We’ve got to remember that this is the 32 bit RHS.exe, which is in C:\Windows\SysWOW64 – not C:\Windows\Cluster, which contains the 64 bit RHS.exe

Open an elevated (Administrator) command prompt, change directory to C:\Windows\SysWOW64 and run RHS.exe. Immediately, we get this error:

 

dbghelp

 

There we go! The Cluster service is not able to launch it and neither are we able to do so, manually.

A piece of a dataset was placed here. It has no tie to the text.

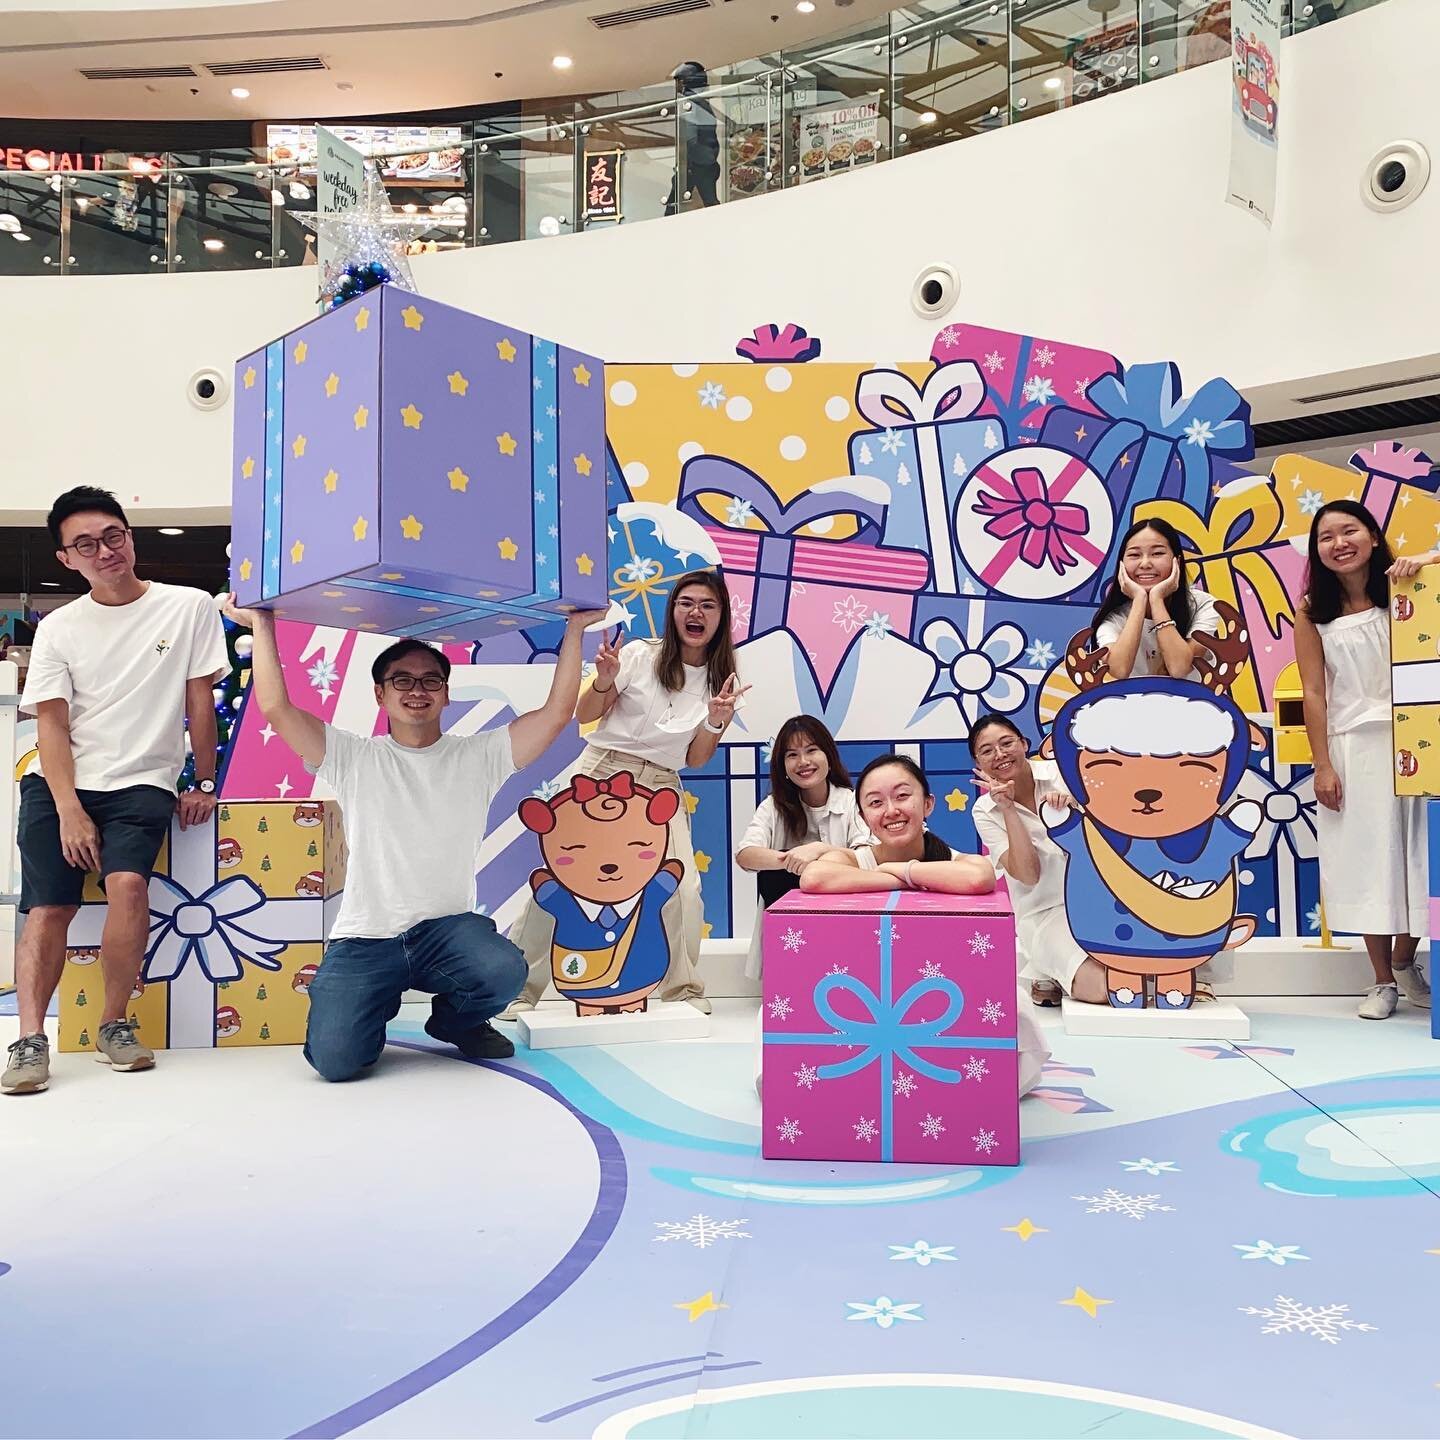 MERRY CHRISTMAS! 🎄❄️✨
We are so excited to be able to bring #otahandfriends to Kallang Wave Mall to spread festive cheer this Christmas. It is a Winter Lodge where we imagine a snowy playground filled with fun Christmas photo opportunities and activ

Why am I excited? Because the pop-up message mentions a certain “dbghelp.dll”. The first place to look for this file would be the C:\Windows\SysWOW64 – because that’s where RHS.exe is as well.

When I browsed through the folder to look for dbghelp.dll, we found that the file was present but there was also a dbghelp.dll.old file that caught my attention.

Dbghelp.dll was about 1300kb and dbghelp.dll.old was 780kb. That’s interesting. Why? Because my lab Windows Server 2008 SP2 system has the 780kb dbghelp.dll, but not the 1300kb file.

Turns out that the Application team had a specific requirement to use the 1300kb dbghelp.dll while upgrading their clustered application, so they switched out the original file, put this one in and forgot about it. Their application may have been compatible with this new dbghelp.dll, however, RHS.exe was not, and that’s why it failed to start.

Resolving the issue now that we know the root cause is a matter of renaming the 1300kb dbghelp.dll to something else, taking ownership of the 780kb dbghelp.dll.old file, giving Administrators FULL CONTROL, renaming this file to dbghelp.dll, changing the ownership back to NT SERVICE\TrustedInstaller and changing Administrators permissions back to only Read and Read & Execute. PHEW! Issue resolved!